In the images to the left, you will see a two furnaces. You can easily see the design differences.
The application for a utility patent must be filed within one year of its invention’s first public use or sale to receive a patent. A design patent will expire 15 years from the date on which the USPTO first received its design. However, a utility patent can expire 20 years from its filing date if three maintenance fees are not paid on time.
Because design applications are often viewed as more specialized and technical, they may have a higher likelihood of initial rejection.
Design and utility patents may be obtained on an article if the invention resides both in its utility and ornamental appearance. A utility patent would protect the way an article is used and works. A design patent would protect the way an article looks. For example, both types of patents may be used to protect a new design for an automobile body. A design patent would protect the ornamental appearance of the body. In contrast, a utility patent would protect its functional aspects of it, such as its fuel efficiency.
Drafting a patent application is complicated. A good one can be more than a hundred pages long and involve some of the most high-level legal languages.
Patents are misunderstood. Too many people think a patent gives you the right to practice your invention. It does not. You get the right to stop others from practicing it, but only if you protect the invention yourself or license it. Suppose you invent a better mousetrap but don’t manufacture mousetraps. In that case, you’re better off licensing than suing someone using your idea. So, patents are just a defensive measure for a startup with no products.
If you run a startup, patent law is a great enemy because it lets large companies block you from making new products. It’s easy to misinterpret patents: they’re not just a description of what someone invented. They’re an instruction manual for how to sue someone later.
Getting a patent is not as simple as telling an attorney your invention and having them put it into legal language. You have to ensure that you have a patentable idea. You should check patent databases to see if there are patents issued for similar ideas, and you need to figure out the best way to describe your invention would be.
When you have a new idea that’s never been done before, you may want to consider patenting your work so that no one else can copy it.
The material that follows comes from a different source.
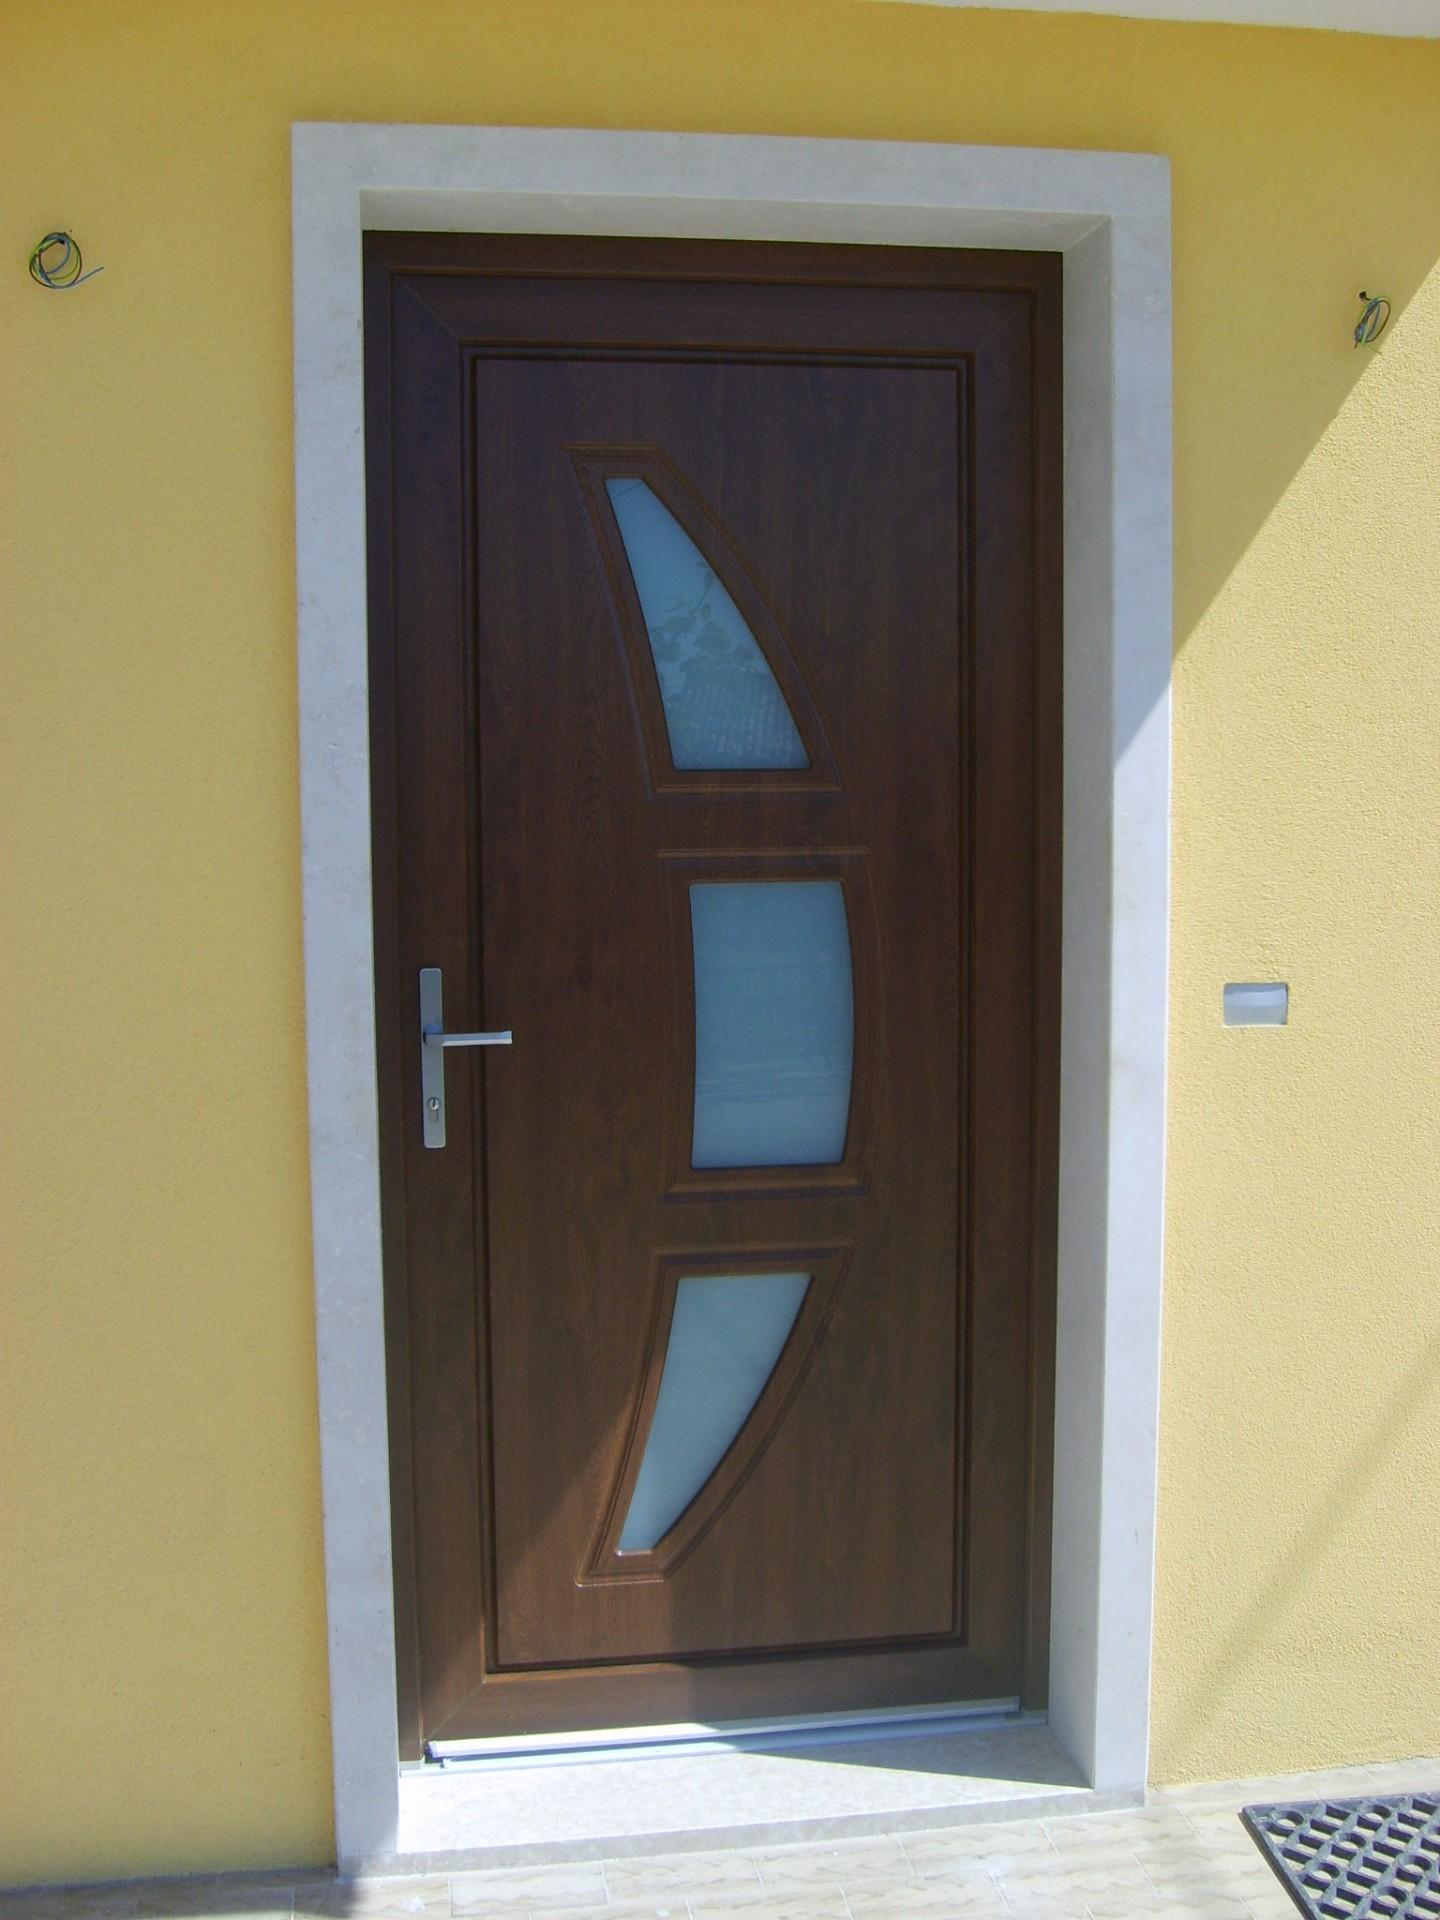 Serramenti e portoncino in pvc infix for Infix serramenti e porte

Hiring an attorney can help you decide if getting a patent is right for you and what type of patent you need to protect your project.
The Intellectual Property Attorney you hire to represent you and your business is one of the most important decisions you will ever make.
These are the values that guide this firm:
Having a lawyer is often the difference between success and failure. A good intellectual property lawyer is priceless. Without one, you’re basically out in the cold on your own. I have seen so much go wrong for clients’ businesses and even personal finances apart from the company.